Chunk ID Origination and Client-Server Communication

Jason Cairns


N.B. There were originally some TiKz figures that have since been lost; the document may make less sense without them.

1 Introduction

The problem of chunk ID origination as discussed in Initial Chunk Message Queue Experiments dictates much of the client-server communication, as well as the state of knowledge in the network, given that chunk ID is used as the key to send messages relevant to a particular chunk. This document serves to model the differences between naive client-originated chunk ID’s, and server-originated chunk ID’s, with an evaluation and proposal that aims at overcoming the limitations involved in the models.

2 Modelling

The models consist of communication over time between a client and a server, intermediated by a queue server.
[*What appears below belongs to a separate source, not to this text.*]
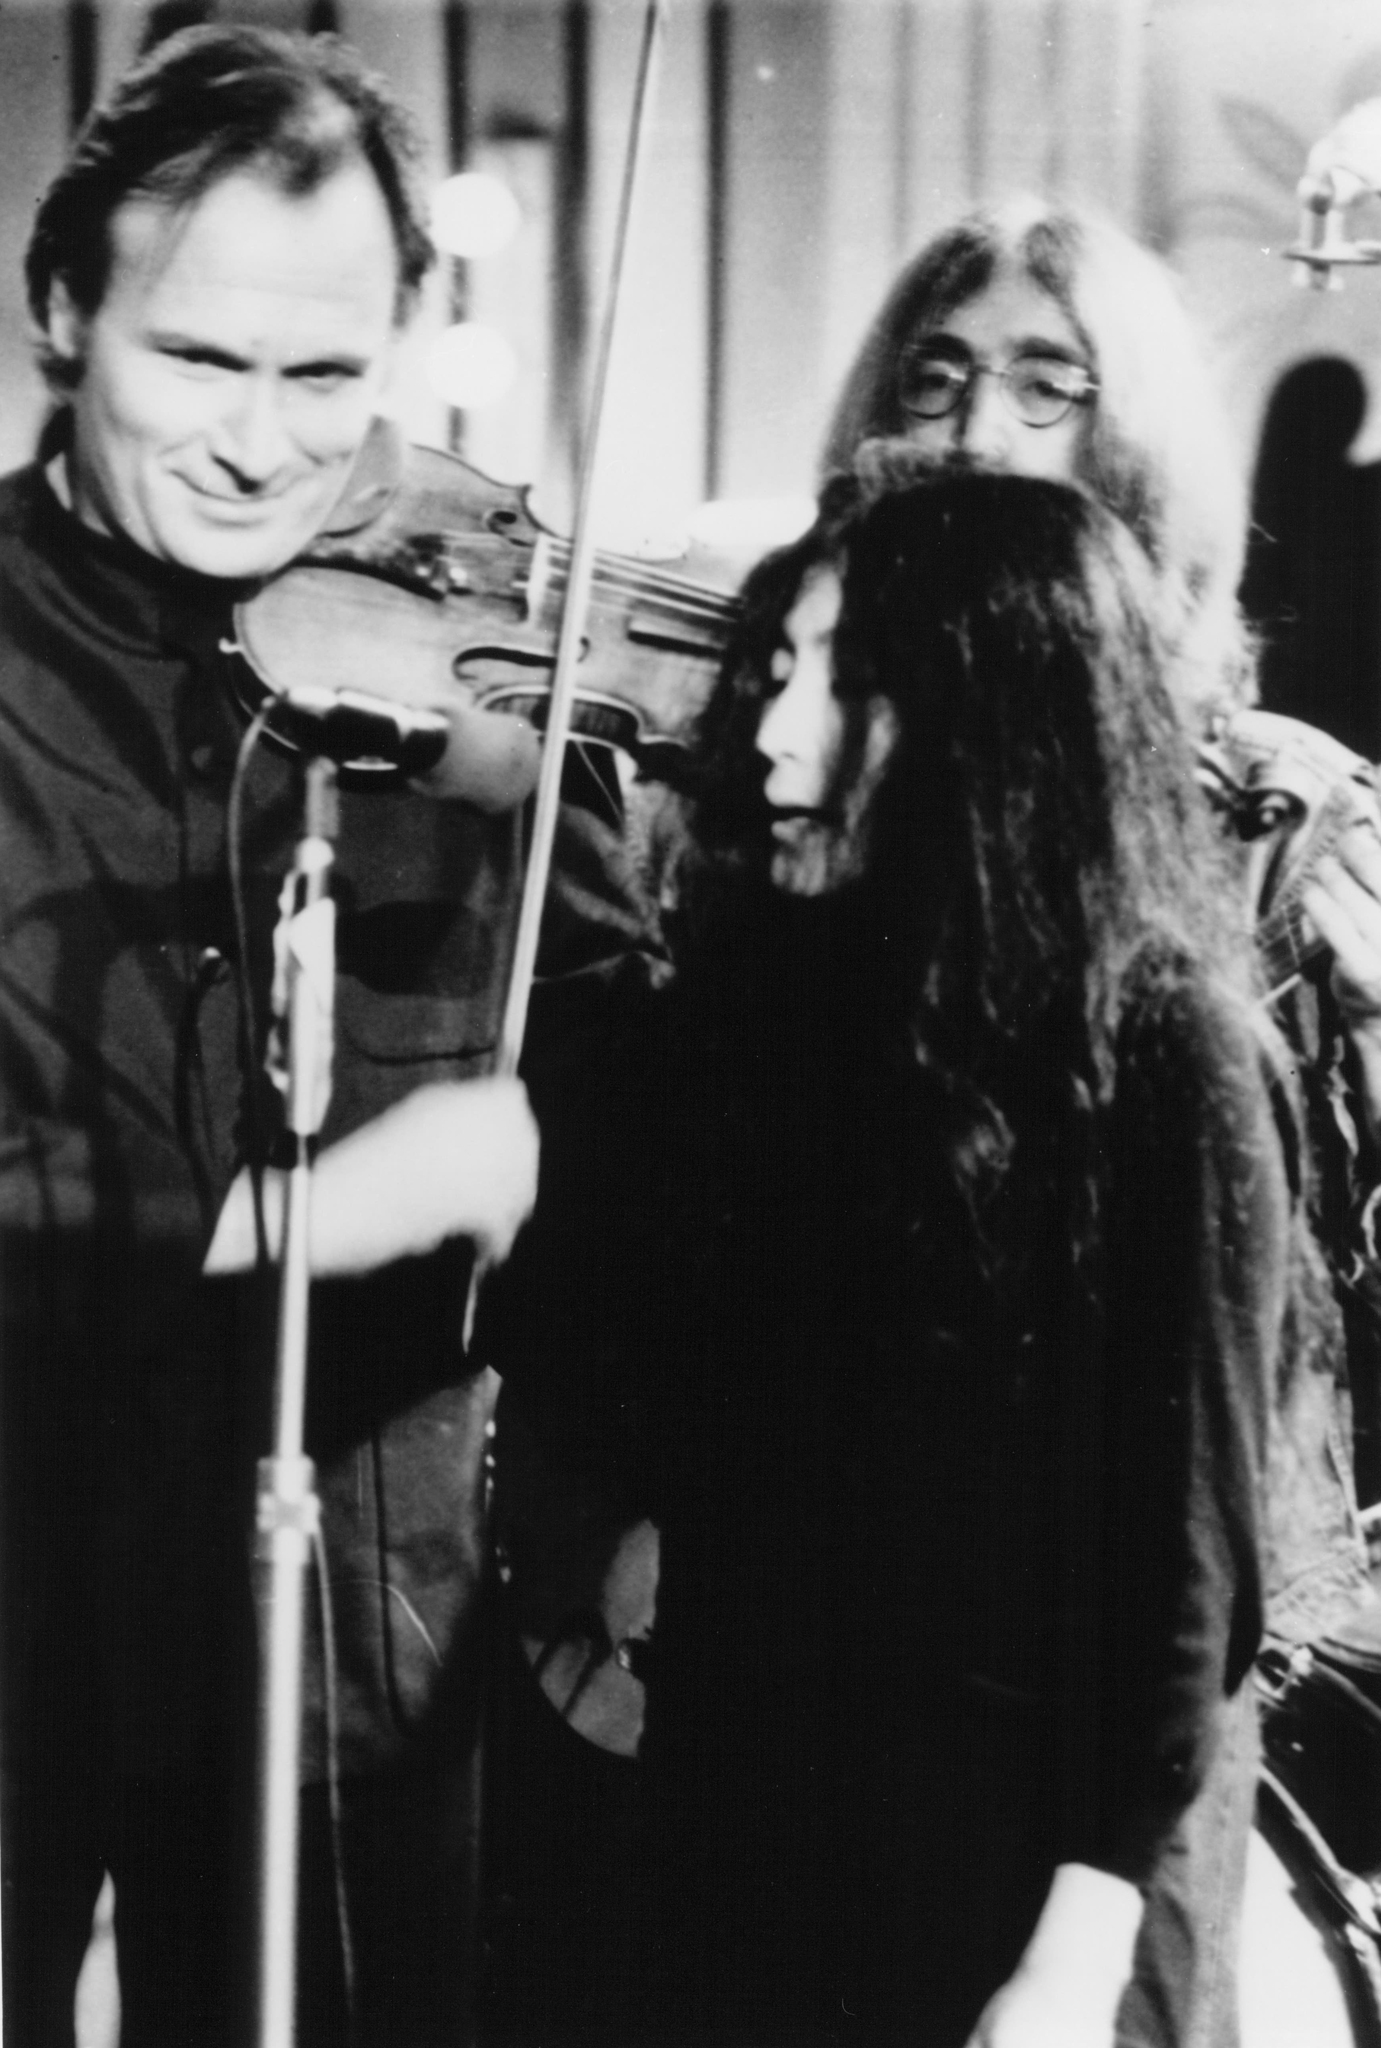 Still of John Lennon and Yoko Ono in The Rolling Stones Rock and Roll Circus (1996)

The client runs the pseudo-program described in lst. 1, where variables x, y, and z are chunk references, and variables i and j are local. Every action on distributed chunk references entails pushing a message to the queue named by the associated chunk ID, requesting the relevant action to be performed.

Listing 1: Modelled Client Program

    y <- f(x)   # dist, no wait
    f(i)        # local
    z <- f(y)   # dist, no wait
    f(j)        # local
    f(z)        # dist, wait

The server follows a loop of listening on queues relevant to the chunks that it stores and performing requests from the messages popped in order from them, through taking the function relayed in the message and performing it on the local object identified by the chunk ID given by the queue name the message was popped from. Without loss of generality, the function f is considered to take constant time on local objects, and messages likewise have constant latency; the ratio of latency to operation time is irrelevent to what is demonstrated in these models. Assignment, message listening, and message switching by the queue are considered to be instantaneous events. The models are depicted as space-time diagrams, with modifications to the original styling[1], including colour coding, where the colours aim to make each job more distinct.
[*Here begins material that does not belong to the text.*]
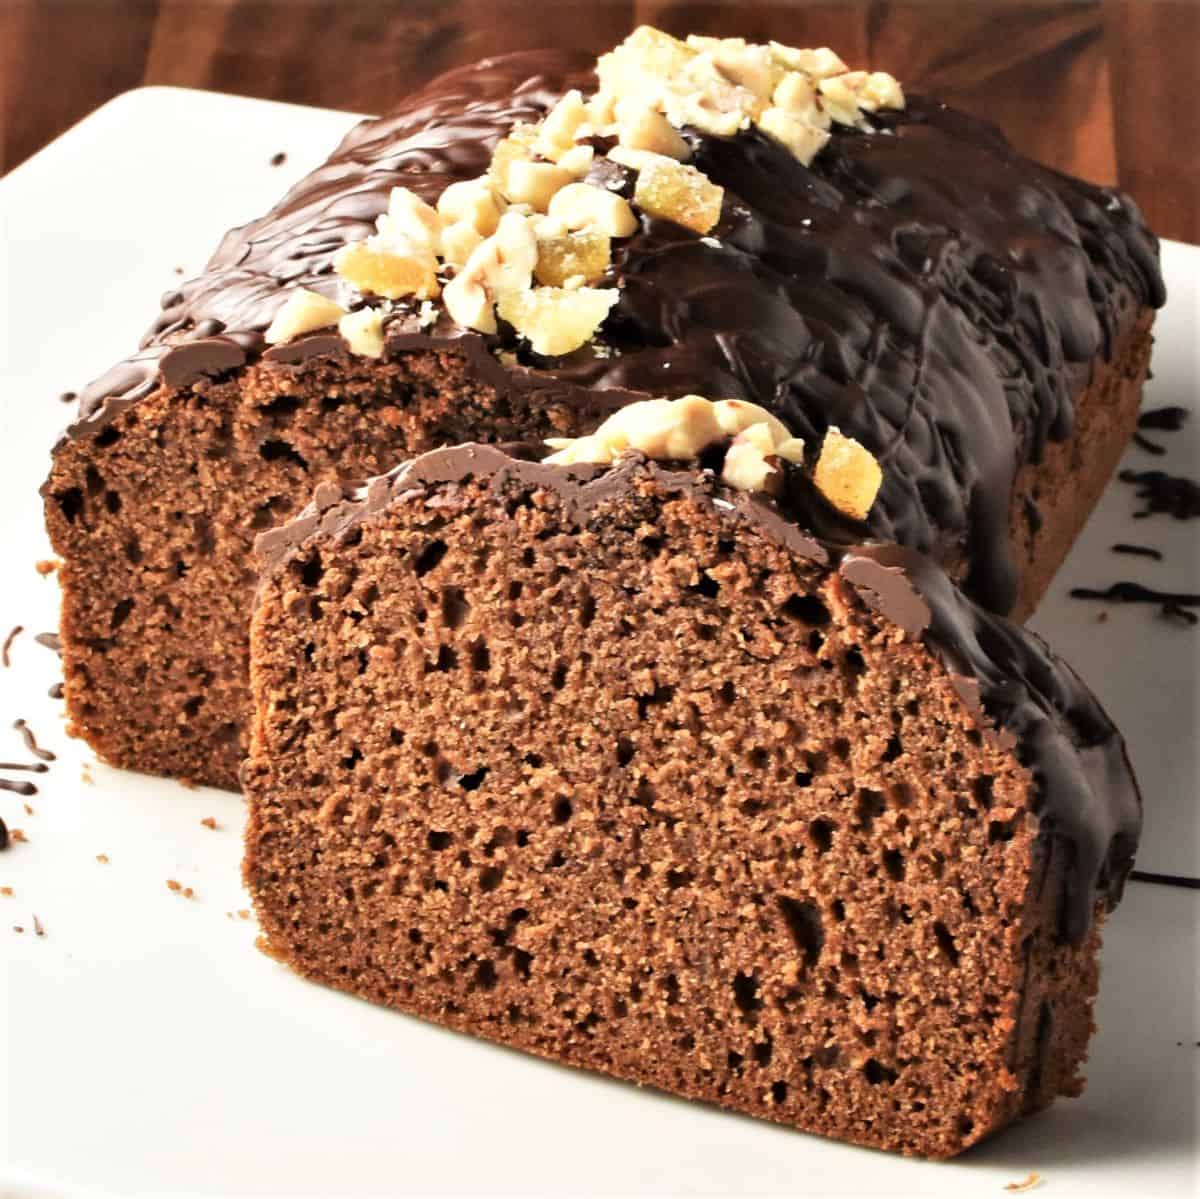 Side view of gingerbread loaf cake topped with chocolate and nuts.

2.1 Client-Originated Chunk ID

In the client-originated chunk ID model, in addition to the generic model description posed in sec. 2, the client sends a chunk ID as part of its messages if the result of the function on the distributed object includes assignment. If there is no assignment, the message includes a job ID instead, naming a job queue to be monitored by the client. If the server receives a job ID, it sends the value of the computed function to the queue with that job ID as it’s key, sending no messages otherwise.

2.2 Server-Originated Chunk ID

In the server-originated chunk ID model, given that the client doesn’t know the chunk ID of created chunk references, leaving that to the server, it sends out messages with job IDs, creating chunks references that at first reference the job ID, but when the actual chunk ID is required, waiting on the job ID queue for a message containing it’s chunk ID. The server correspondingly sends chunk IDs of each newly assigned chunk to the job ID queue specified in the request, sending values instead if not directed to perform assignment.

3 Evaluation

Clearly, the server-originated chunks result in significantly more waiting on the client end, as the chunk ID needs to be attained for every operation on the associated chunk, which is only able to be acquired after completing the function.

The server could in theory send the chunk ID prior to performing the requested operation, but that leads to significant issues when the operation results in error, as it is difficult to communicate such a result back to the client after performing the function. Despite the reduced time spent blocking, the client-originated chunk ID modelled also has issue with errors; consider if the x <- f(y) had been faulty, with the resultant operation of rendering an error. This would not be determined by the client untile the completion of f(z), in which an error would presumably result. Worse, if the chunk reference x was given as an additional argument to another server, which in turn requested the chunk C1 from the node C1 resided upon, the error would propagate, with the source of the error being exceedingly difficult to trace.

4 Proposal

A potential solution to the problems of the models posed in sec. 3 is to treat chunk reference objects somewhat like futures, which have a state of resolved or unresolved, with failures also encapsulated in the object upon resolution [2].

If chunk ID is client-originated, then its outgoing messages can also supply a job ID for the server to push a message to upon completion that the client can in turn refer to, in order to check resolution status as well as any potential errors.

This would capture the benefits of the modelled client-originated chunk ID in reduces wait time, with the robustness of server-originated ID in signalling of errors. The introduction of future terminology of resolved(), as well as additional slots in a chunk to determine resolution state, as well as the use of job ID queues for more than just value returns will be sufficient to implement such a design. The asynchrony may lead to non-deterministic outcomes in the case of failure, but the use of resolved() and it’s associated barrier procedure, resolve() will enable the forcing of a greater degree of synchrony, and allow tracing of errors back to their source in a more reliable manner.

L. Lamport, “Time, clocks, and the ordering of events in a distributed system,” Communications of the ACM, vol. 21, no. 7, 1978.
H. Bengtsson, “A future for r: A comprehensive overview.” 2019.